- Data excerpt:
[Start of Attachment]
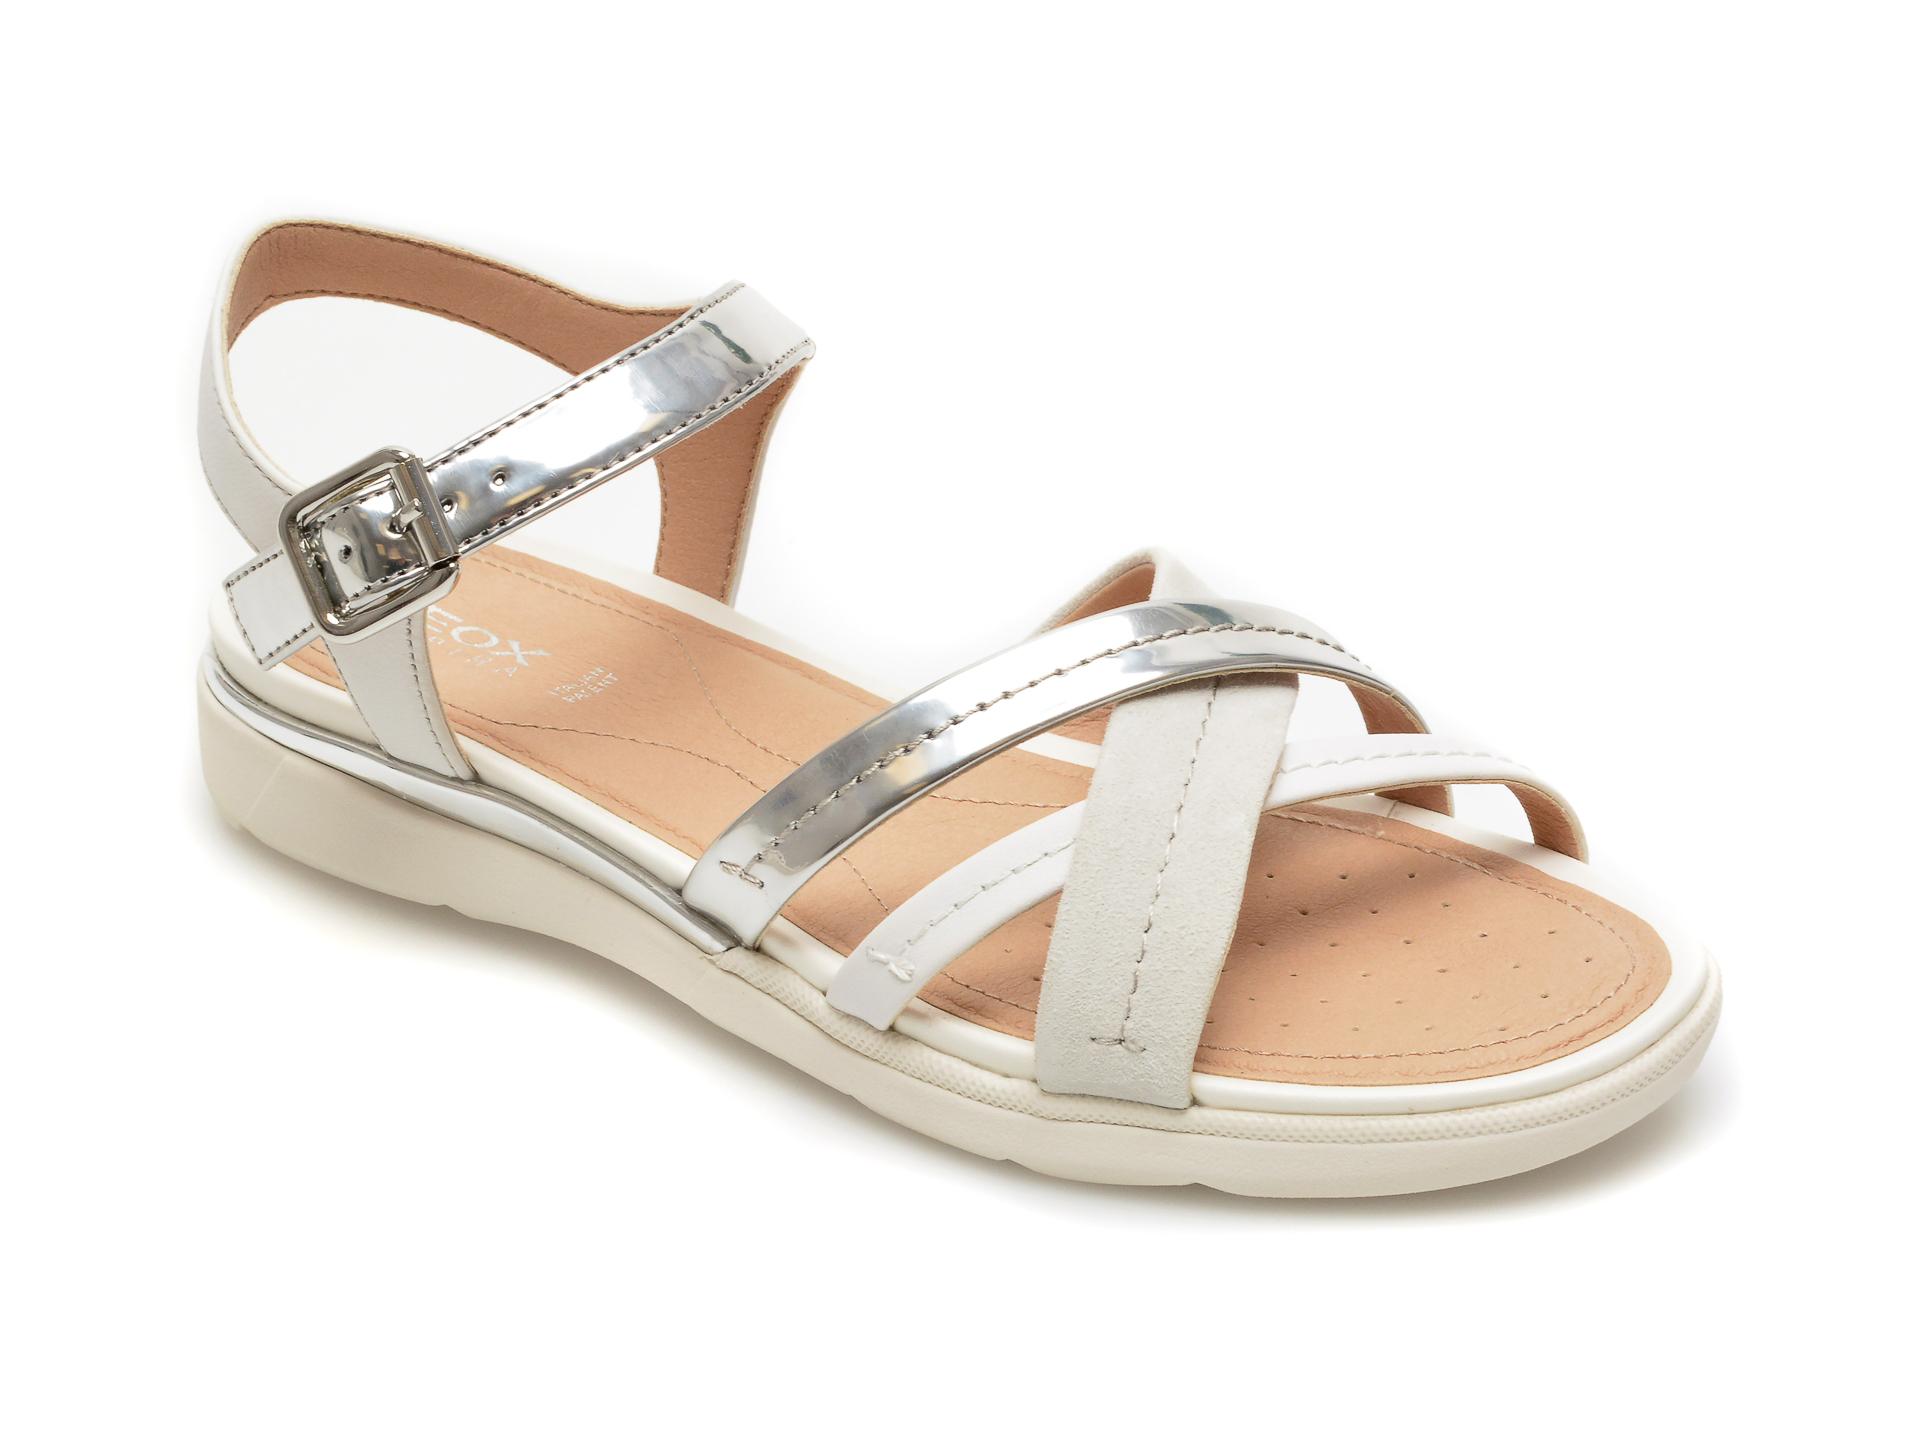 Sandale GEOX argintii, D02GZB, din piele naturala
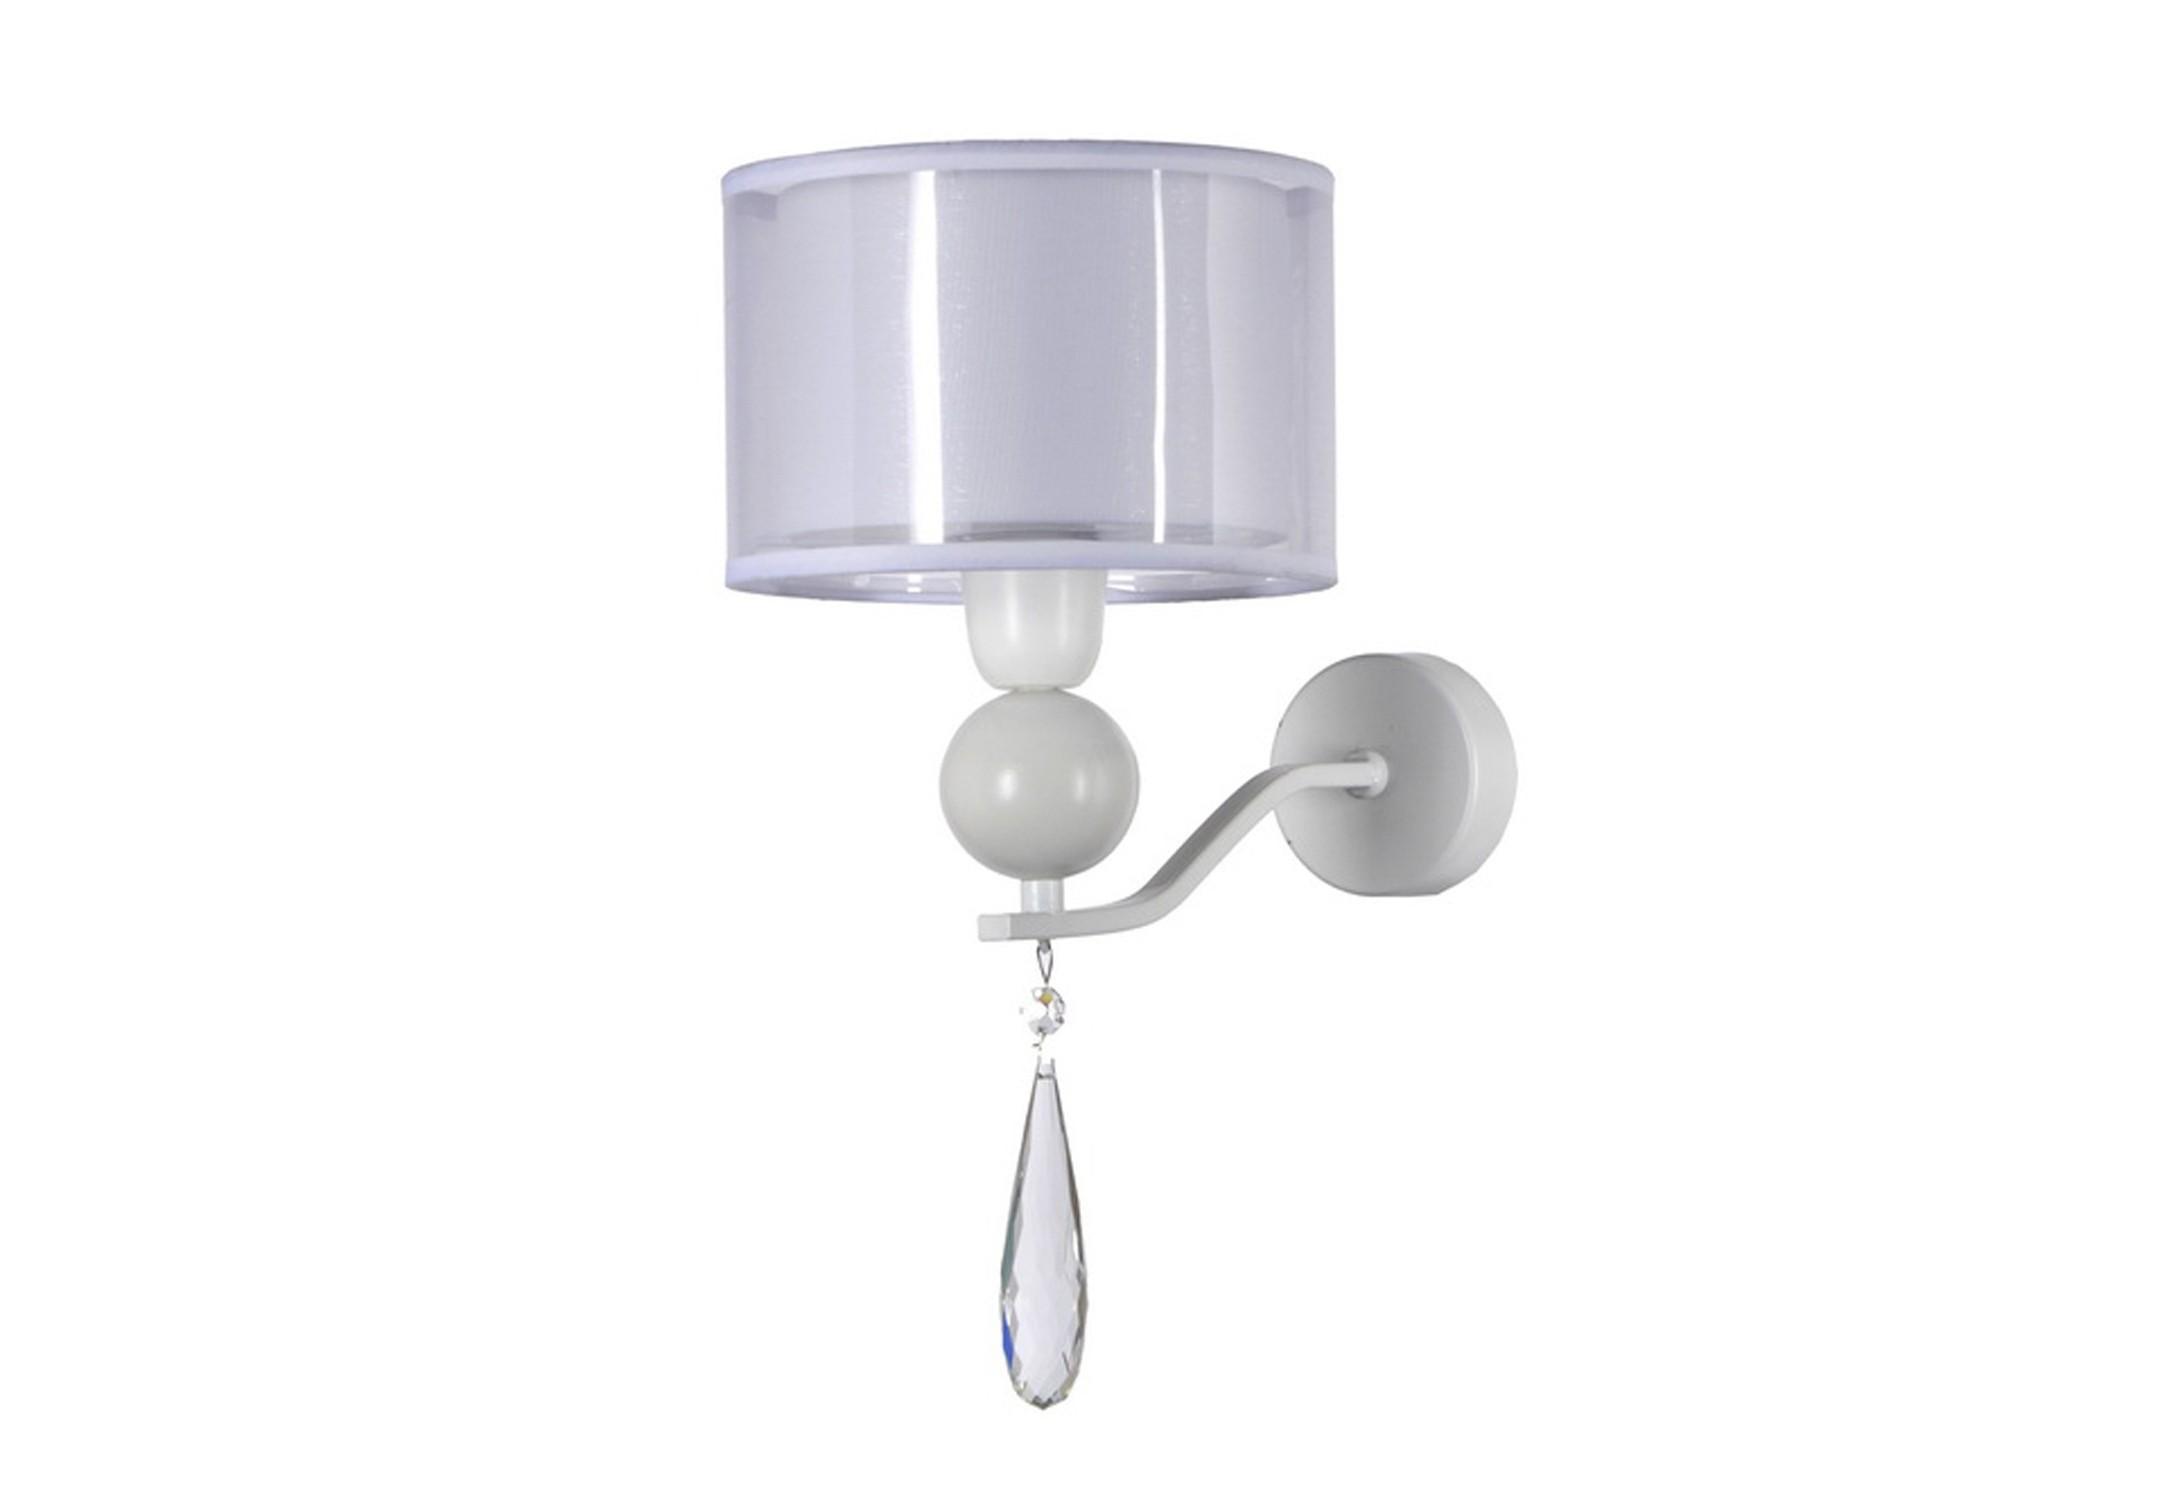 БраБра<br>Вид цоколя: E14Мощность:&amp;nbsp; 40WКоличество ламп: 1 (нет в комплекте)<br><br>kit: None<br>gender: None
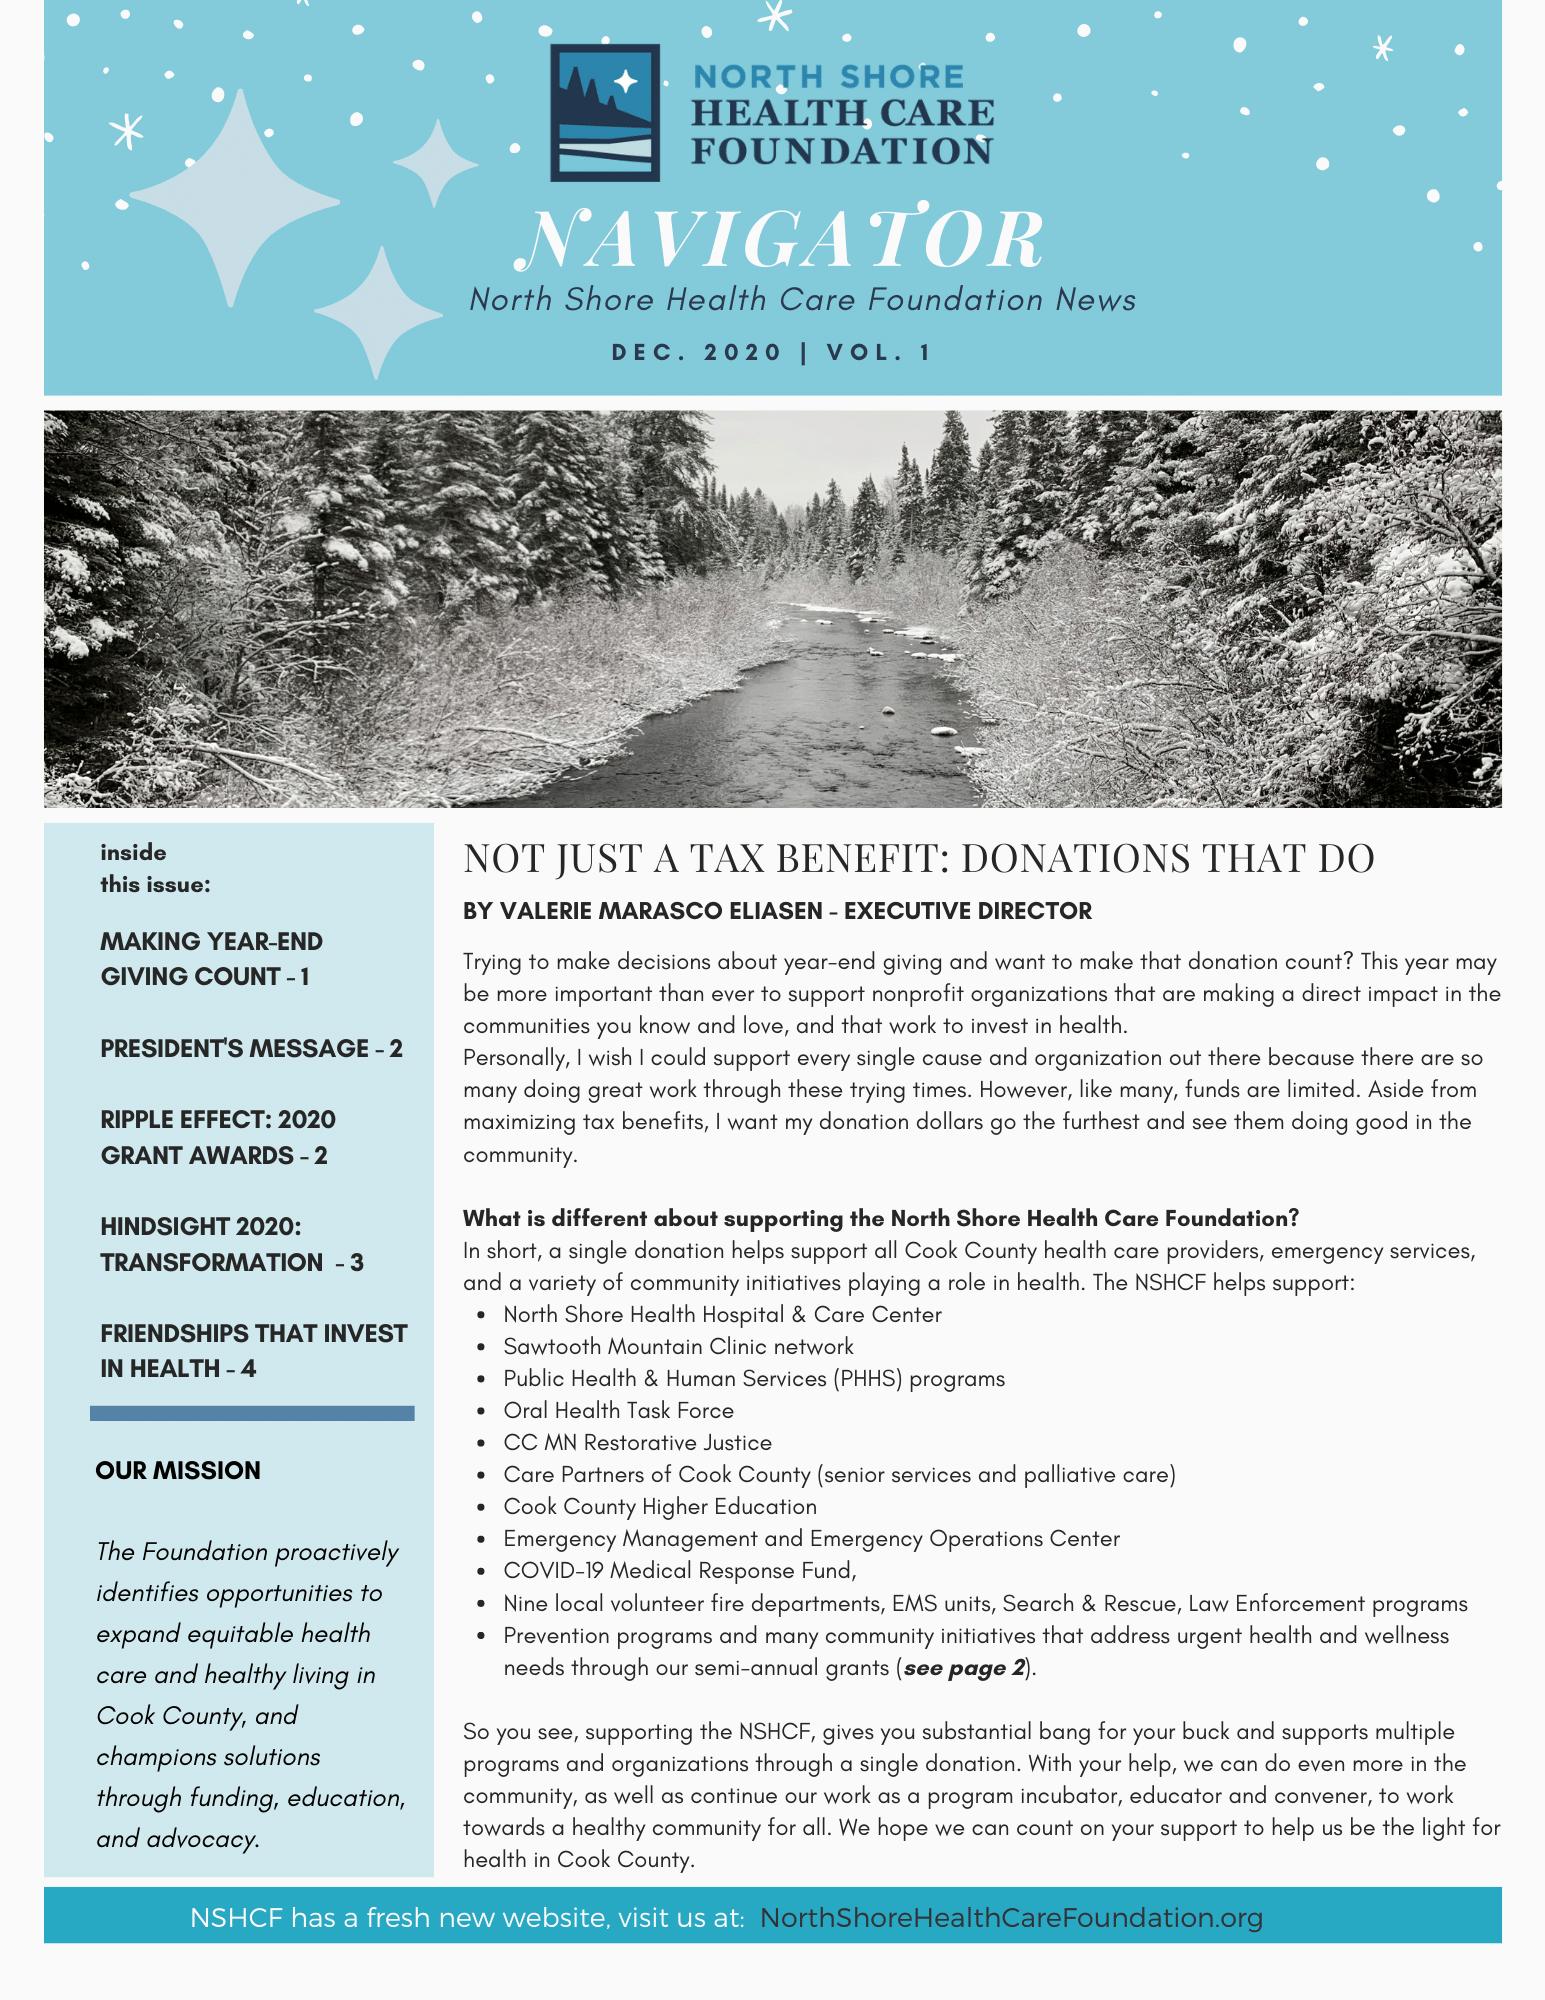 December 2020 Edition of the NSHCF Navigator
[End of Attachment]
- Task prompt: The whole listing above must be duplicated word for word, apart from its pictures.

- The completed task:
 Sandale GEOX argintii, D02GZB, din piele naturala
 БраБра<br>Вид цоколя: E14Мощность:&amp;nbsp; 40WКоличество ламп: 1 (нет в комплекте)<br><br>kit: None<br>gender: None
 December 2020 Edition of the NSHCF Navigator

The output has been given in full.